To illustrate how to use geographic distance functions, we use the OldMaps
data from the package HistData
which includes the latitudes and longitudes of 39 places on 11 old maps drawn between 1688 and 1818 as well as the actual geographic coordinates.
In the example below we check how well we can link the actual coordinates with that from the youngest map of 1818. The plot below shows the actual coordinates as well as those from the drawn map plus the links as constructed using linkr
. In total, linkr
is able to link 35 out of 39 points correctly. The accuracy declines for older maps as one might expect (not shown).

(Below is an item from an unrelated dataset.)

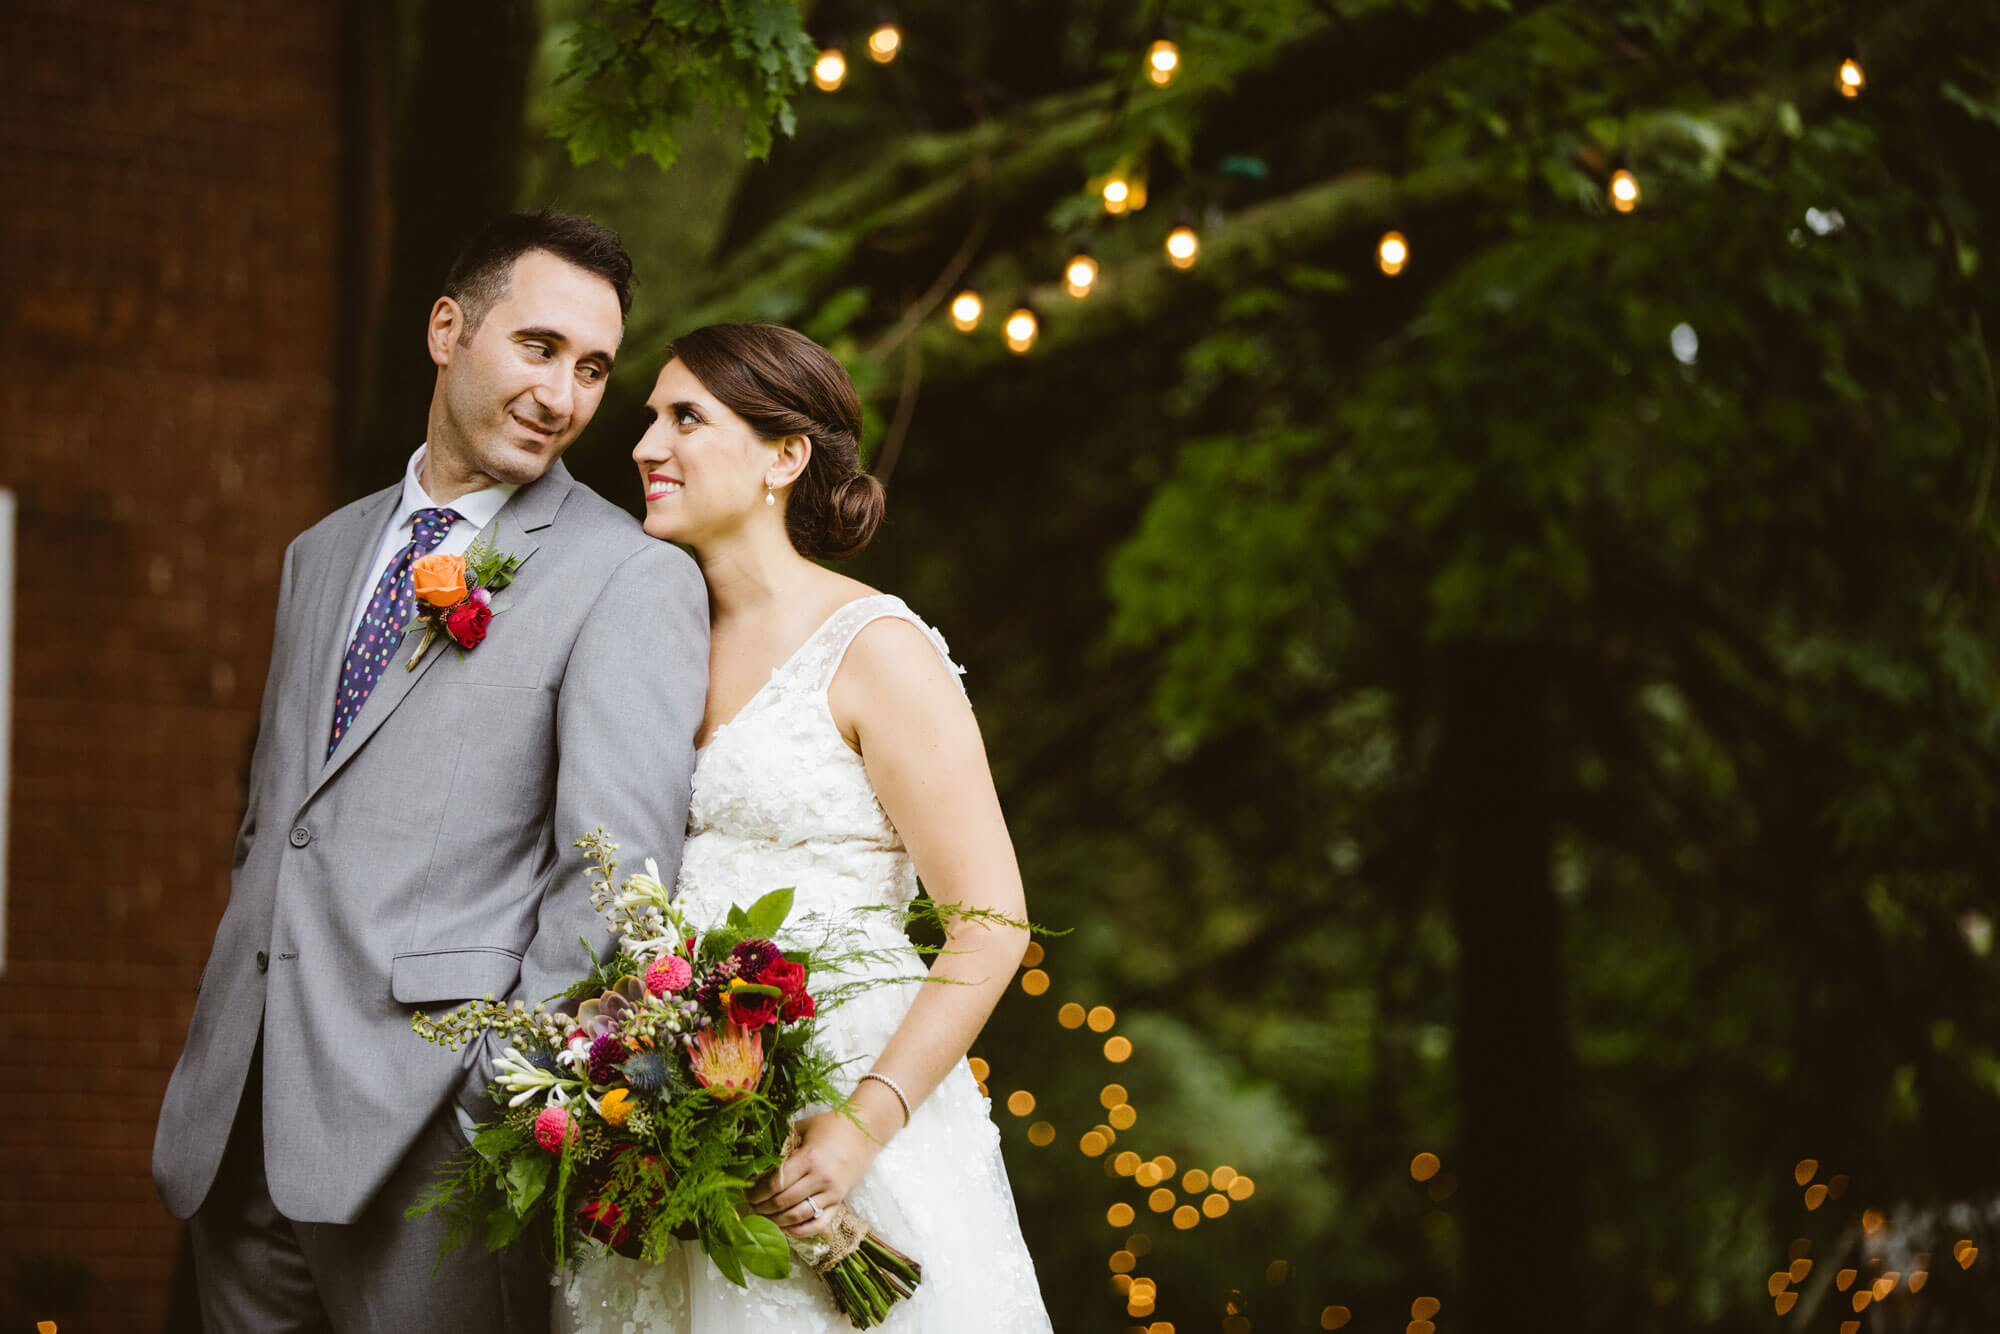 Erica-Kay-Photography---Kate-_-Joe-Wedding-1.jpg

library(HistData) data(OldMaps) OldMaps <- OldMaps %>% mutate(lat=abs(lat), long=abs(long)) m1818 <- filter(OldMaps, name=="Melish") mtruth <- filter(OldMaps, name=="Actual") linkr(mtruth,m1818, by=c("long","lat"), method='haversine', add_distance=TRUE) %>% ggplot(aes(abs(long),abs(lat), group=match_id, color=name)) + geom_point() + geom_line() #> Loading required package: geosphere #> Warning in assignment(m): Matrix 'cmat' not integer; will take floor of it.
The package is written to ease linking and joining data frames based on 1-2 key variables that uniquely identify observations in the input datasets (possibly within strata). In situation where linking should be based on comparing and weighting the similarity of a number of variables, other packages such as as fastLink might be superior.